Fight Aging!

Perhaps the most useful way to think of atherosclerosis, the ultimately fatal growth of fatty plaques in blood vessel walls, is as a condition driven by macrophage dysfunction. Macrophages are innate immune cells responsible for repair and maintenance in blood vessel walls. Where blood vessels are damaged, native macrophages are joined by monocytes from the circulation that transform into macrophages. These cells attempt repair of outright damage but also ingest any harmful excess of lipids (such as cholesterol) in the blood vessel wall, returning those lipids to the circulation for delivery to the liver. When macrophages efficiently carry out this work, atherosclerosis is prevented or even reversed. Atherosclerosis progresses when macrophages become dysfunctional, which can be caused by excess lipids, systemic inflammation, the molecular damage of aging, or other environmental factors. All of the contributing factors and risk profiles associated with atherosclerosis can be viewed through the lens of how they impair macrophage function in the regions of the blood vessel walls that are most affected by damage and excess lipid accumulation.
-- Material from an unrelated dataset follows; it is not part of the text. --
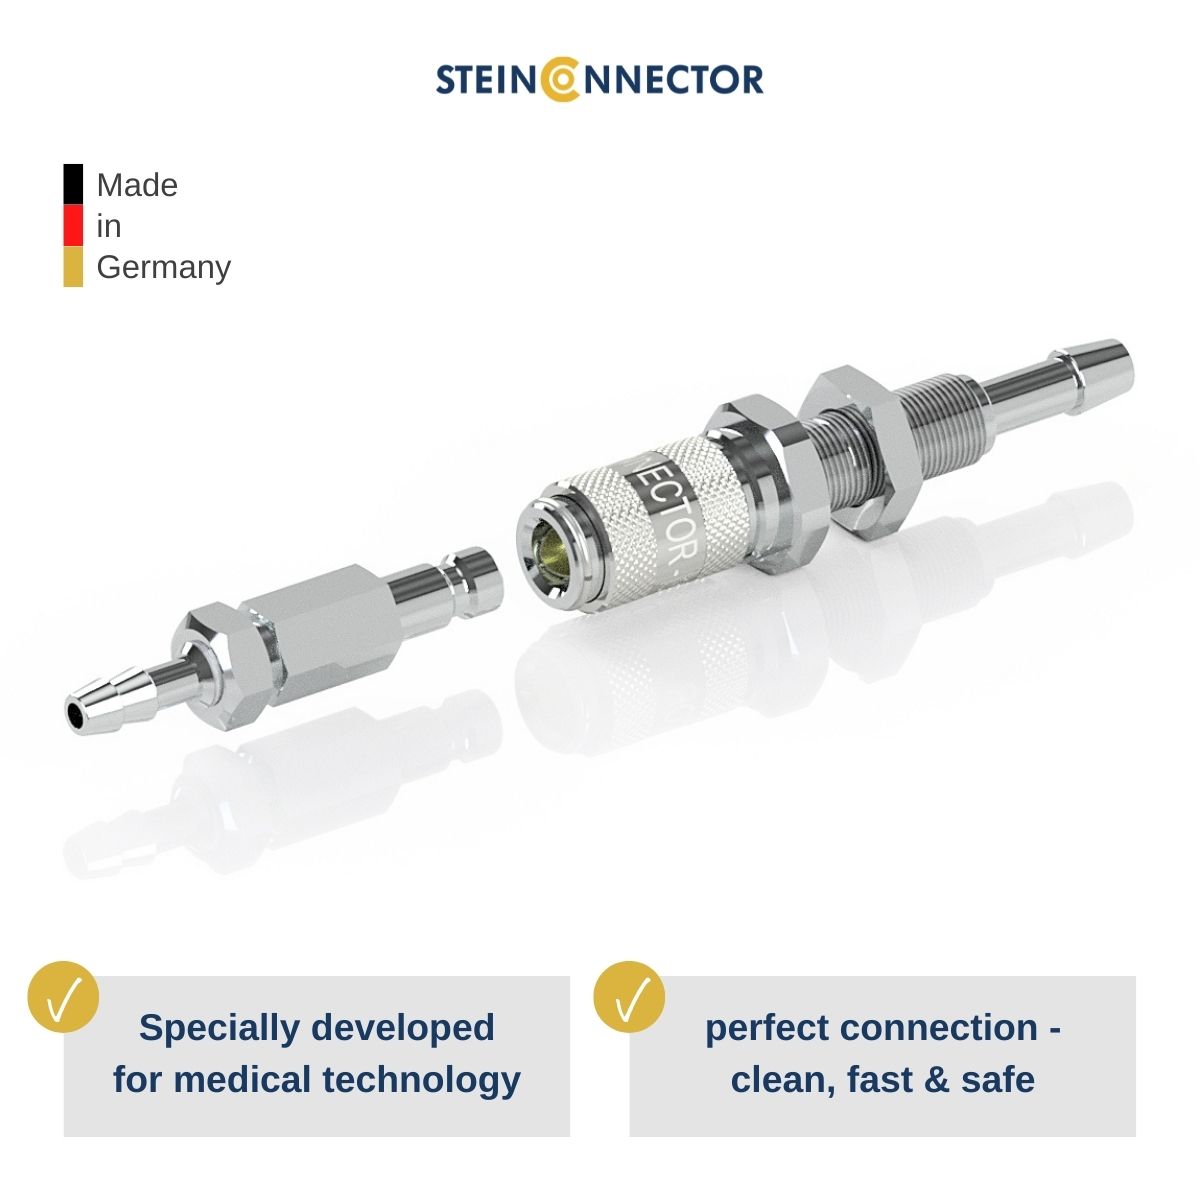 STEINCONNECTOR Medical couplings specially developed for medical devices & equipment - Premium Quality Made in Germany

Atherosclerosis is a chronic inflammatory disease driven by pathological processes such as macrophage foam cell formation. Semaphorin 7A (SEMA7A) is an immunoregulatory signaling molecule known to modulate immune responses and cellular adhesion. However, the contribution of macrophage-derived SEMA7A to atherogenesis has yet to be fully elucidated. In this study, we analyzed gene expression profiles of human mononuclear cells from the Gene Expression Omnibus (GEO) database and revealed highly expressed SEMA7A and its receptor integrin β1 in macrophages. The upregulation of SEMA7A and integrin β1 was also observed during the differentiation of THP-1 monocytes into macrophages.

Mice with macrophage-specific deletion of Sema7a showed a 57.2% reduction in atherosclerotic lesion size and improved plaque stability in atherosclerosis mouse model compared to control mice. Mechanistically, macrophage SEMA7A promoted the expression of macrophage scavenger receptor 1 (MSR1) and lipid uptake mediated by integrin β1 and downstream JNK signaling pathway in macrophages. Notably, pharmacological inhibition of integrin β1 with integrin receptor antagonist GLPG0187 effectively suppressed atherosclerosis progression. These findings identify macrophage-derived SEMA7A as a key driver of atherosclerosis through a novel integrin β1/JNK/MSR1 axis, providing potential targets for the prevention and treatment of atherosclerosis.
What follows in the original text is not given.